The reason for the more limited oversight in the Watt amendment is to protect the Fed's much-vaunted independence and avoid the dangers of Congressional politicization, Congressional supporters say. "It's already politicized," Booth counters. "The banks run it." Indeed, even the audit proposals under consideration don't change the governance of the Fed to make it more democratic and accountable.
The Watt amendment has been denounced by some watchdog groups, liberal economists and the progressive blogosphere as a sell-out designed to weaken oversight and draw votes from the tougher Paulson-Grayson amendment.
Dean Baker, the liberal economist, sarcastically declared in a column at TPM Cafe:
Representative Mel Watt (D-NC) is out to protect the independence of the Fed from the risk of an intrusive audit from the Government Accountability Office (GAO).
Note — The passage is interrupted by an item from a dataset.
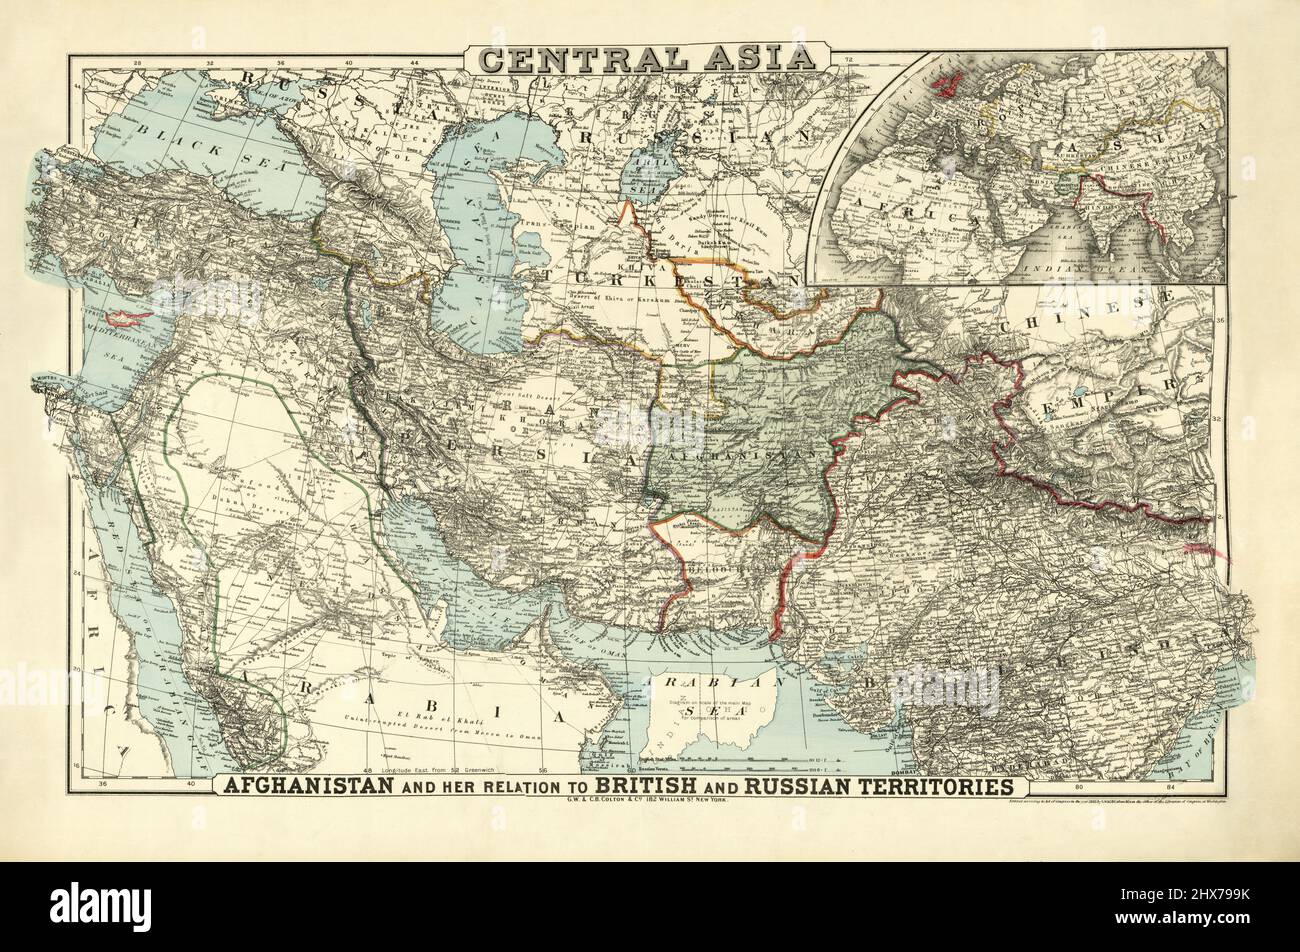 Asia centrale di G.W. E C.B. Colton & Co. 1885. Medio Oriente - Asia meridionale - Arabia. 1885. Foto Stock

The risk comes in the form of a bill initiated by Ron Paul and Alan Grayson that calls for an audit of the Fed. The bill, which now has more than 300 cosponsors, would allow Congress to find out to whom the Fed lent more than $2 trillion through its special lending facilities, and under what terms. Congress would also be able to find out which countries were allowed to take advantage of dollar swaps at the peak of the financial crisis last fall.
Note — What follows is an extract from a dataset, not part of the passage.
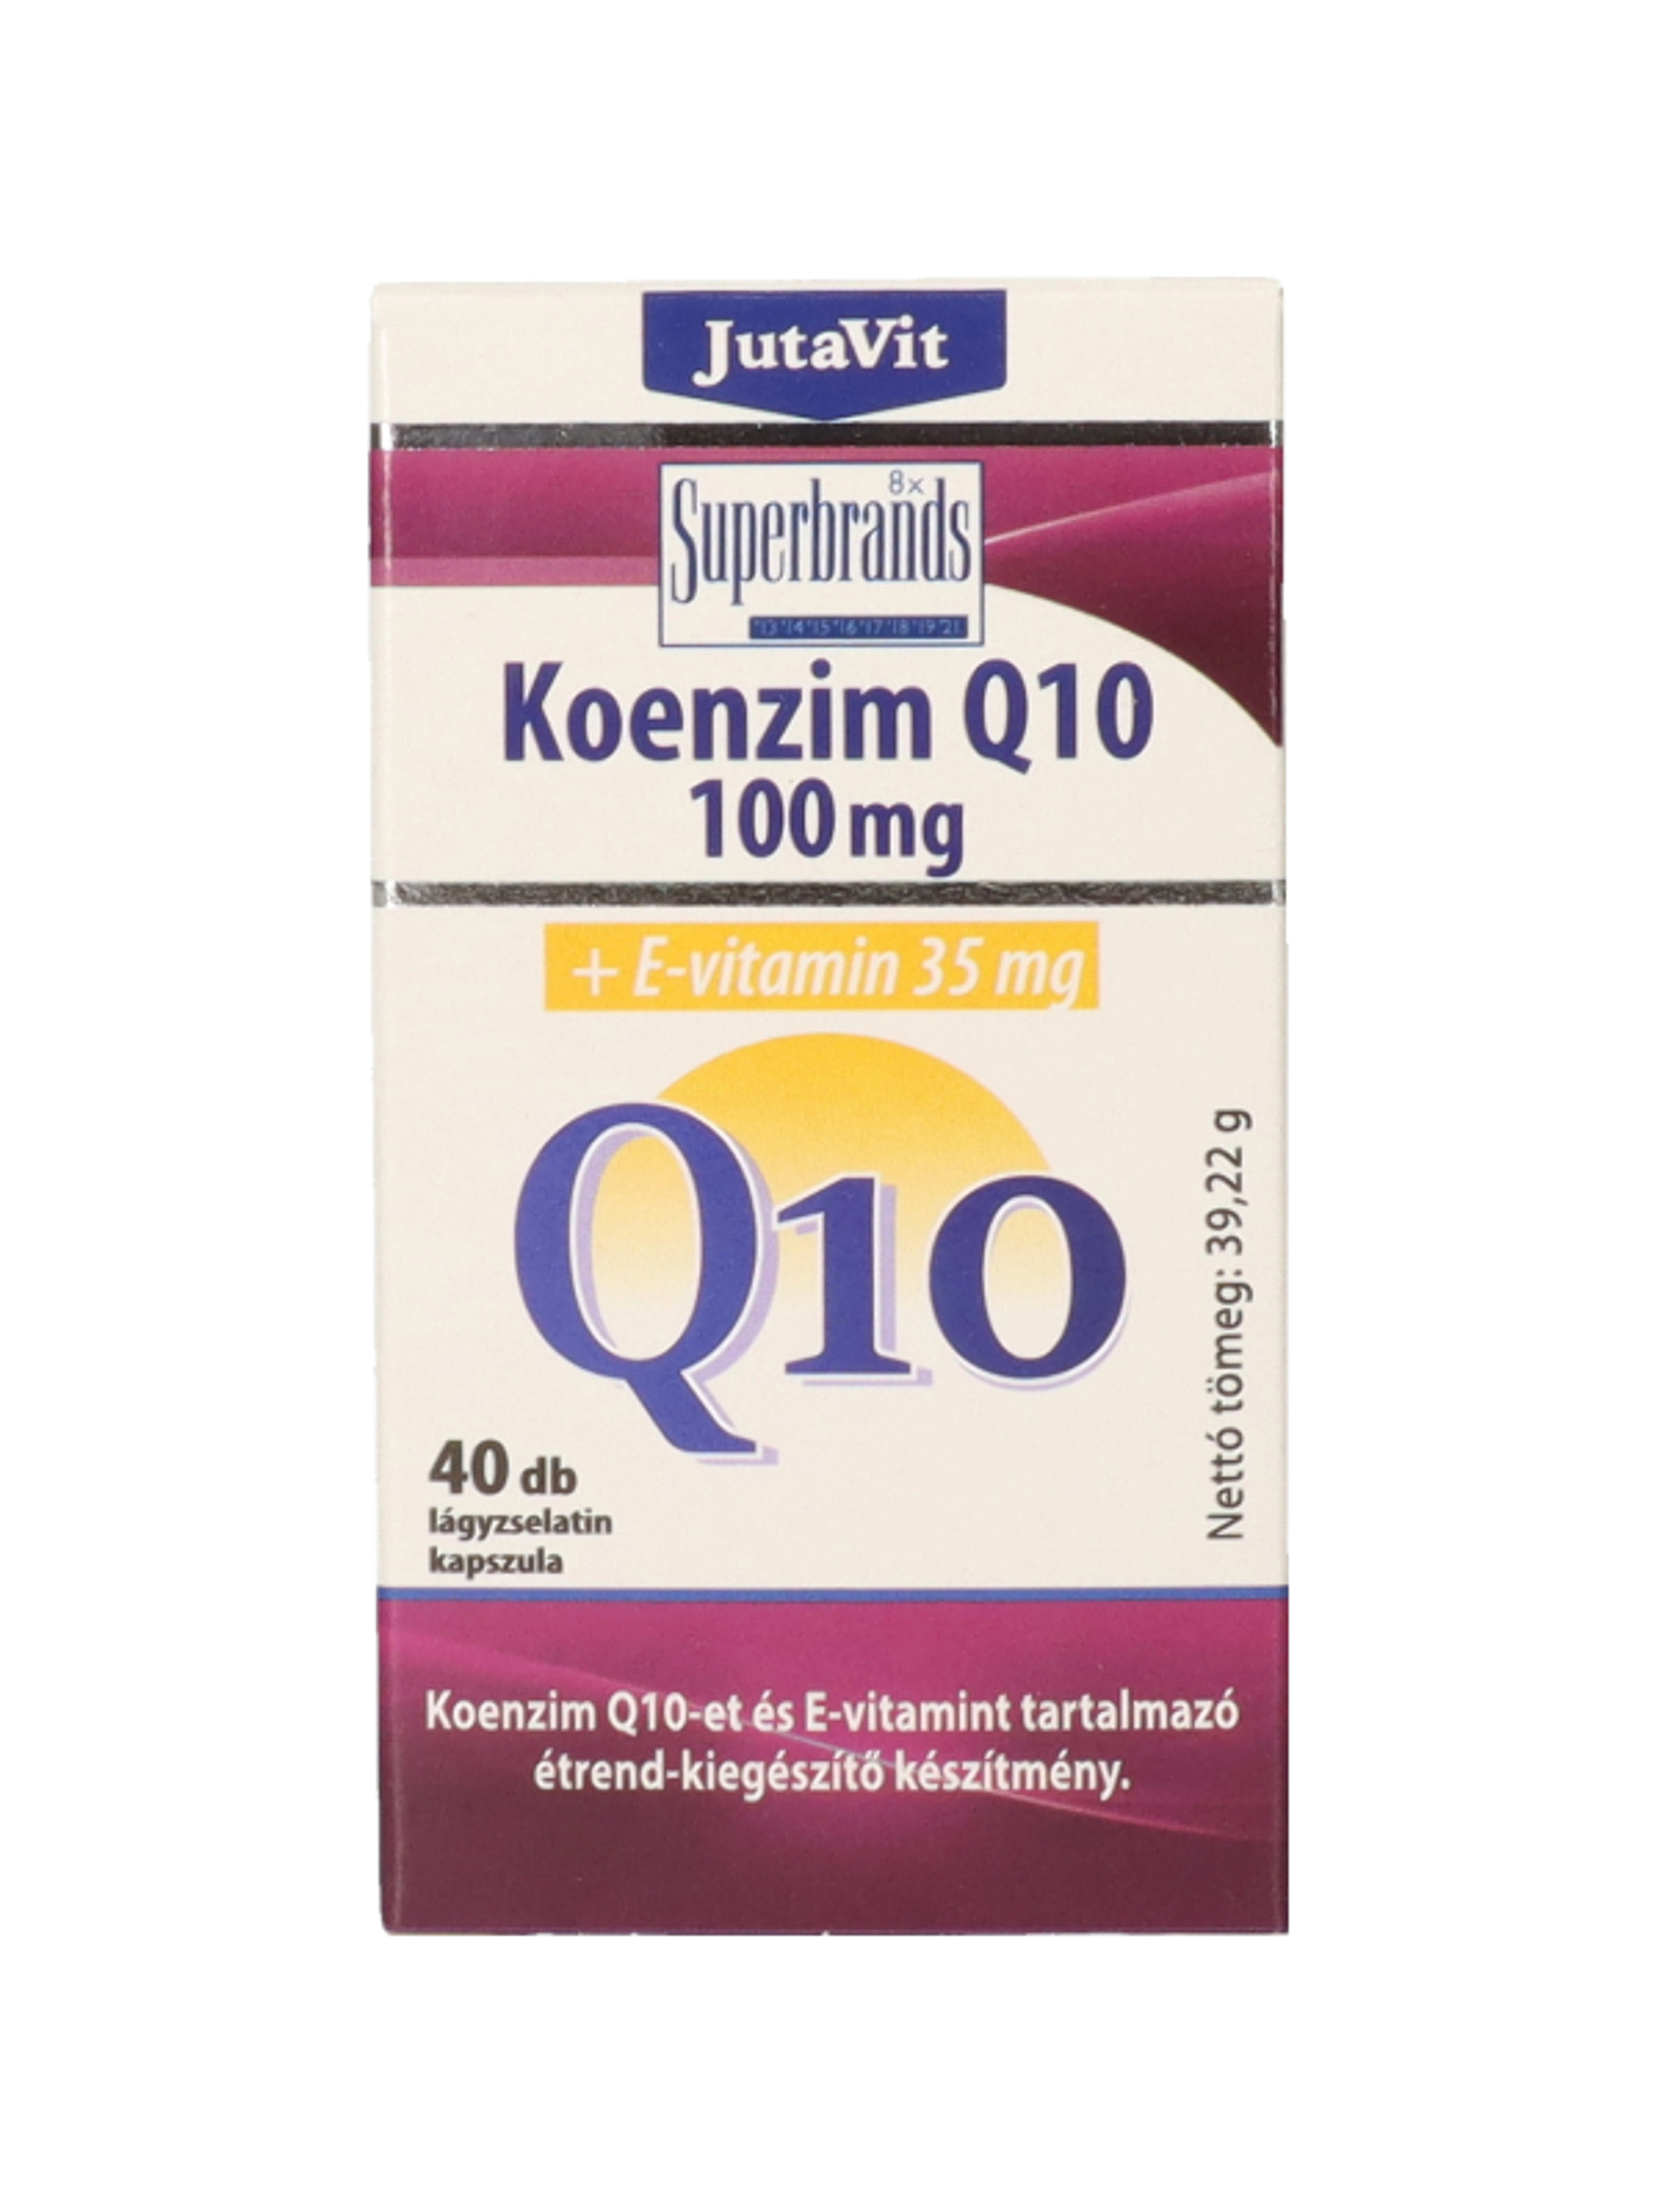 Jutavit koenzim Q10 100mg+E-vitamin 35 g - 40 db

Allowing our elected representatives to know what our central bank (the Fed) is doing with our money might seem reasonable, but not to Mr. Watt. He has proposed an alternative which would keep this information secret. According to Mr. Watt, the prospect of a full GAO audit poses a huge risk to the Fed's independent conduct of monetary policy.
It is not clear how a GAO audit precludes Fed independence, but we should know exactly what we could be putting at risk...
We would not be sitting here in the wreckage of an $8 trillion housing bubble, with 10.2 percent unemployment and 2 million foreclosures a year, without the Fed's independent monetary policy. We would not have seen the projections of debt soar by $6 trillion at the end of the next decade without the Fed's independent monetary policy.
Watt, in turn, has circulated a letter to colleagues under the headline "Increase the Transparency of the Federal Reserve," claiming, "While my amendment will certainly fall short of demands by those intent on destroying the independence (if not the existence) of the Fed, the critics of my amendment will have to concede... that my amendment will provide transparency of the Fed's financial operations that will be completely unprecedented."
But critics don't concede that, as the Huffington Post first reported, asserting that his amendment has exemptions that would limit the ability to examine such vital Fed functions as loans and liquidity arrangements. Under the Watt amendment, auditors would even be barred from examining such loans' impact on "reserves, the balance sheet or financial condition of a Federal reserve bank or the Federal Reserve System."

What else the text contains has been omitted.